Builder confidence in the single-family 55+ housing market remained strong in the fourth quarter of 2018 with a reading of 66, up six points from the previous quarter, according to the National Association of Home Builders’ (NAHB) 55+ Housing Market Index (HMI).
The 55+ HMI measures two segments of the 55+ housing market: single-family homes and multifamily condominiums. Each segment of the 55+ HMI measures builder sentiment based on a survey that asks if current sales, prospective buyer traffic and anticipated six-month sales for that market are good, fair or poor (high, average or low for traffic).
“Overall, builders and developers in the 55+ housing market are reporting strong demand across the country,” said Chuck Ellison, chairman of NAHB’s 55+ Housing Industry Council and Vice President-Land of Miller & Smith in McLean, Va. “However, builders need to continue to manage rising construction costs to keep homes in 55+ communities at affordable price points.”
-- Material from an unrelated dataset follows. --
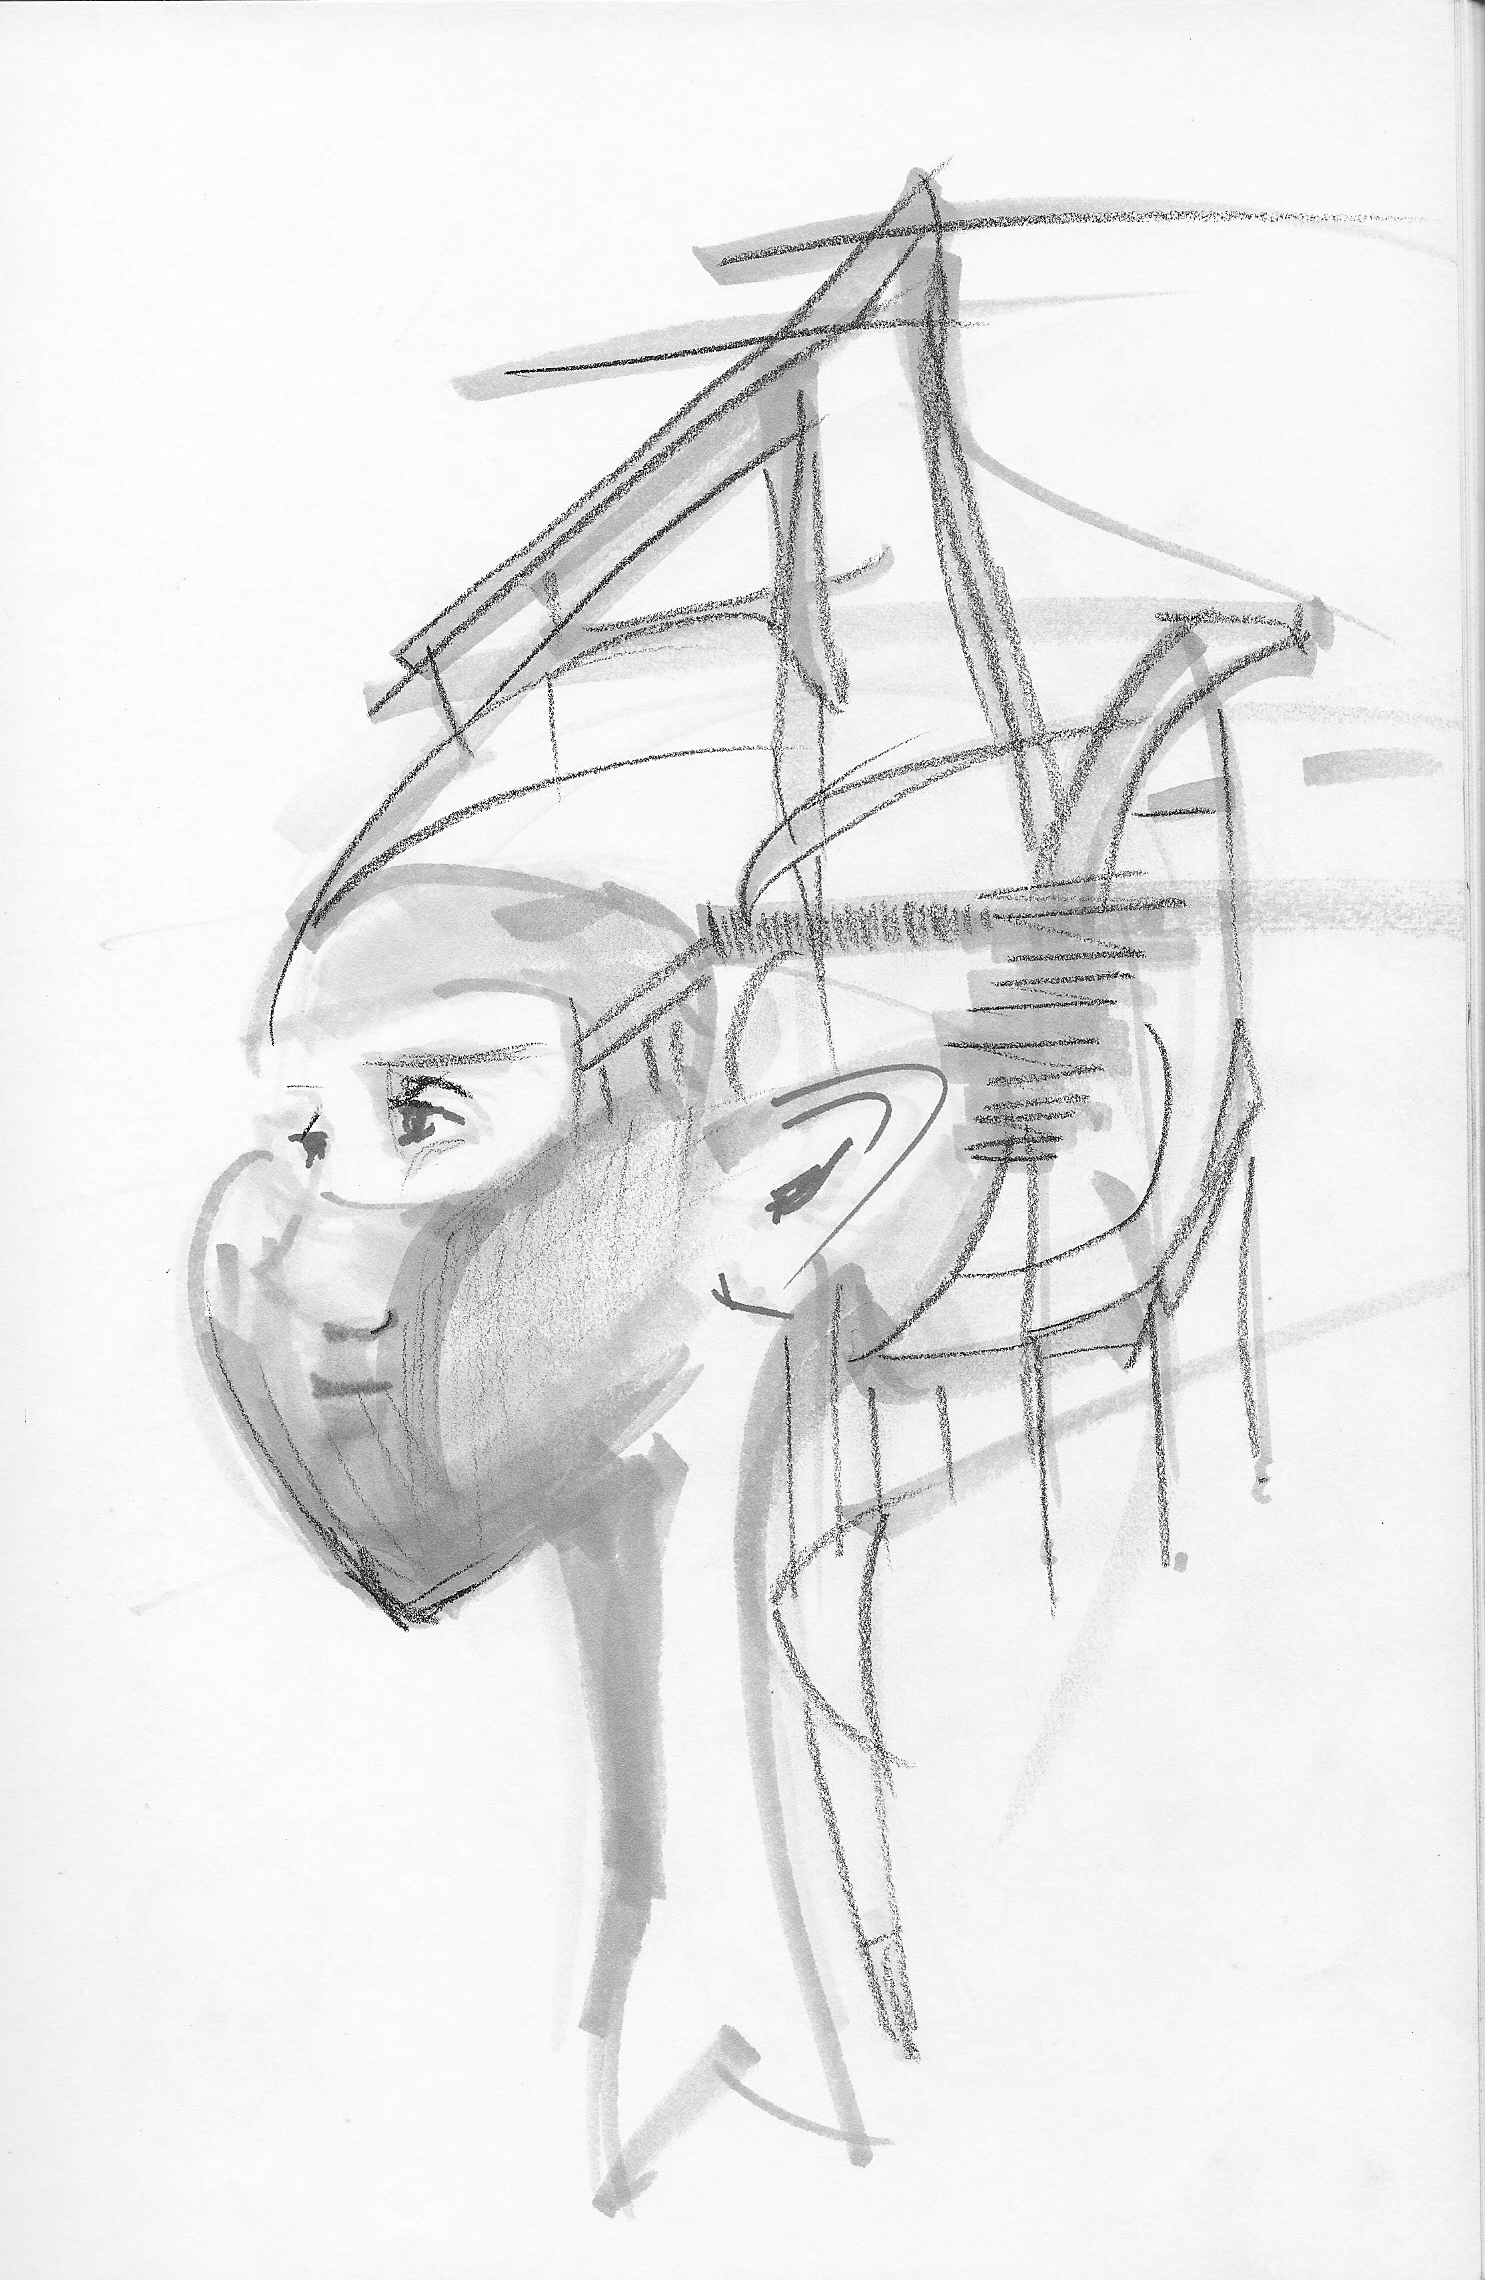 wynwood-artist-sketches-ivette-cabrera

All three index components of the 55+ single-family HMI posted increases from the previous quarter: Present sales rose six points to 72, expected sales for the next six months increased five points to 70 and traffic of prospective buyers jumped 10 points to 53.
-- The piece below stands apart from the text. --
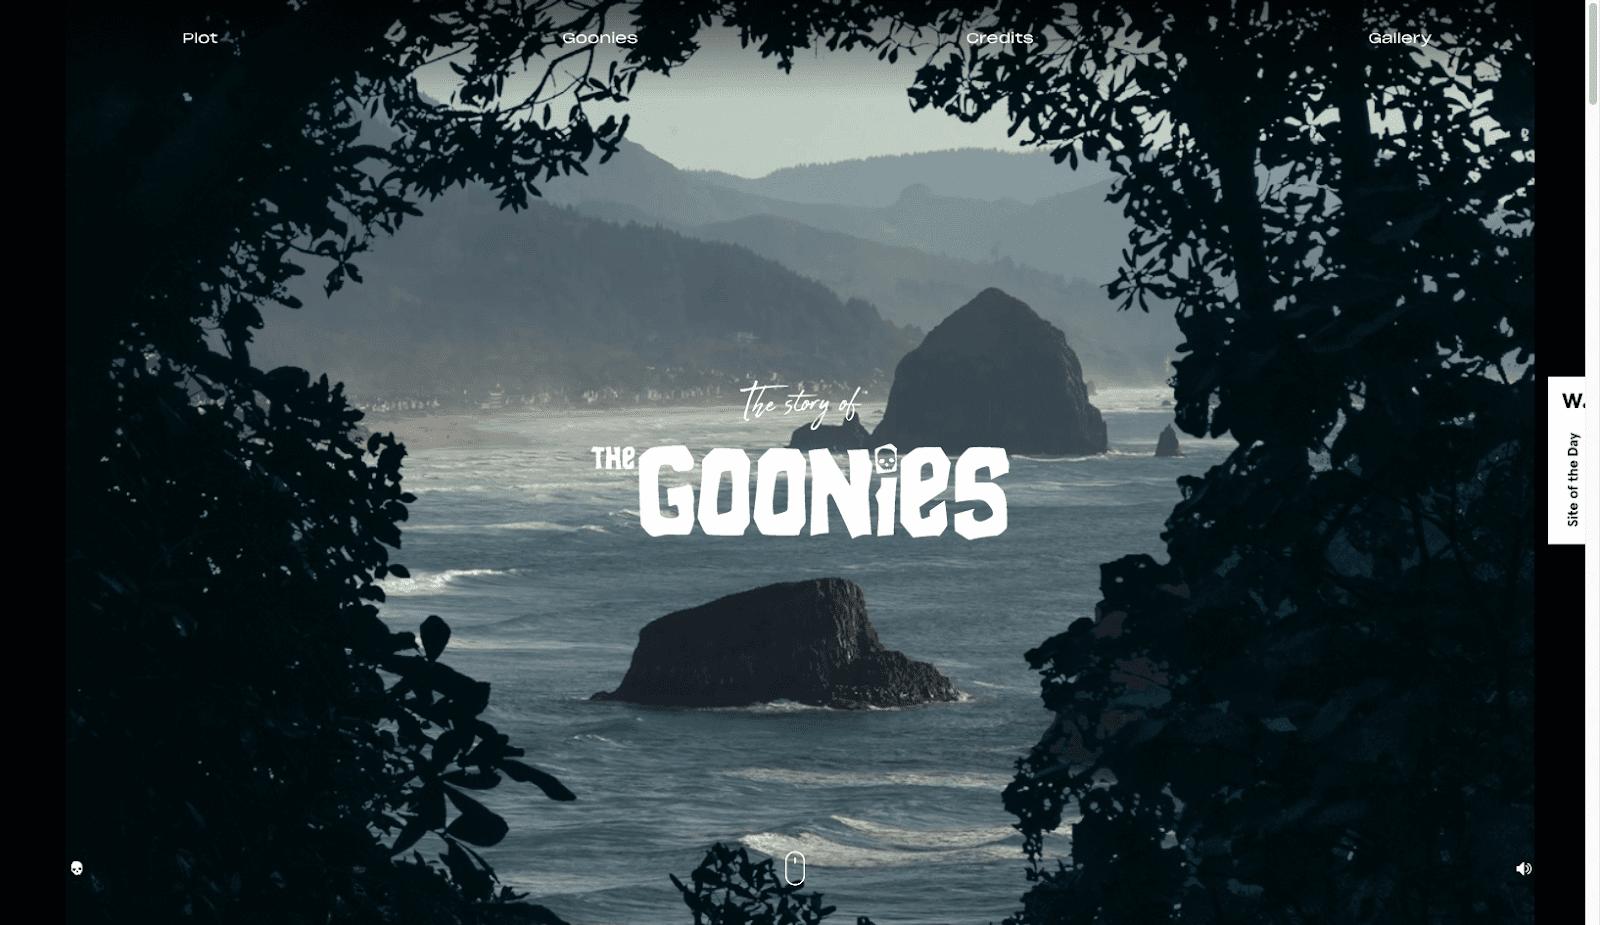 The Goonies website

The 55+ multifamily condo HMI posted a gain of three points to 47. The index component for present sales increased three points to 51, expected sales for the next six months fell four points to 49 and traffic of prospective buyers rose seven points to 38.
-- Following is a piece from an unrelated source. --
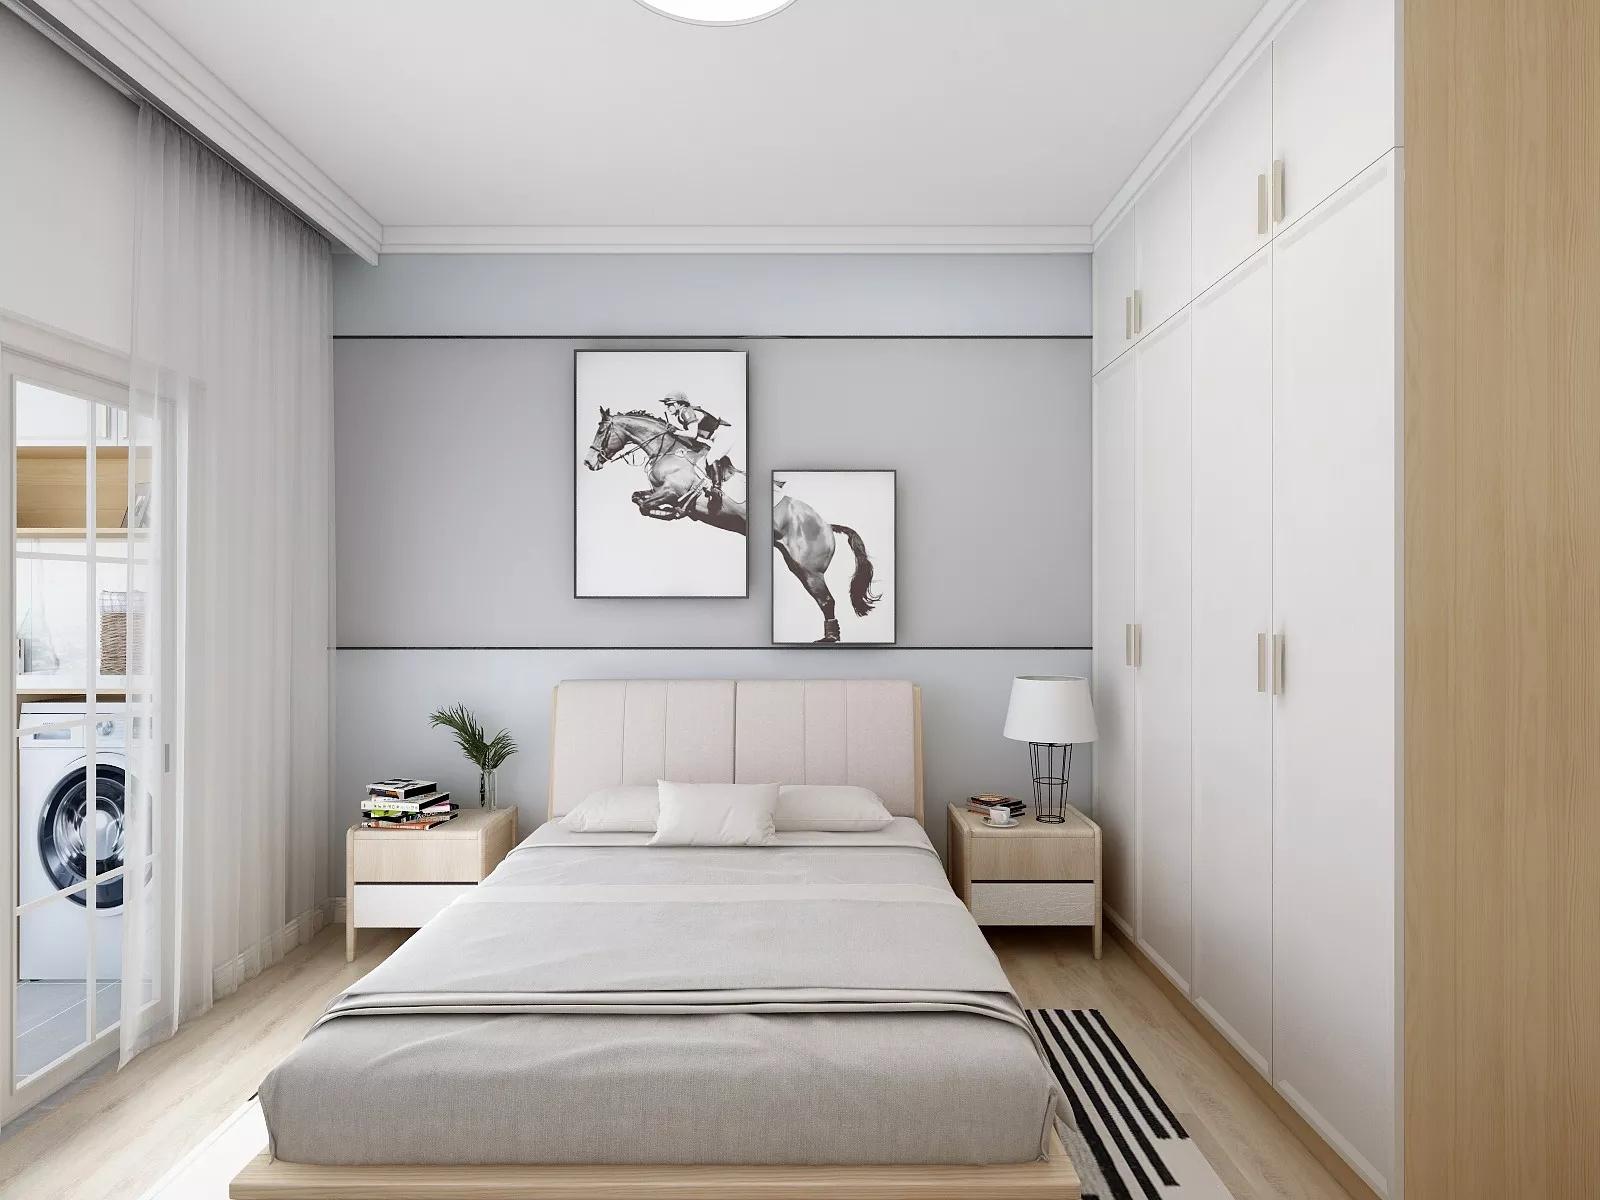 公寓墙面漆颜色选哪种好?公寓墙面漆什么颜色合适?

Two of the four components of the 55+ multifamily rental market went up from the third quarter: present production increased six points to 60 and present demand for existing units rose four points to 67. Future expected production and future expected demand both fell two points to 54 and 62, respectively.
“Like the broader housing market, the 55+ HMI is benefitting from the recent decline in mortgage rates,” said NAHB Chief Economist Robert Dietz. “Favorable demographics and solid home owner wealth should continue to support demand for new 55+ housing.”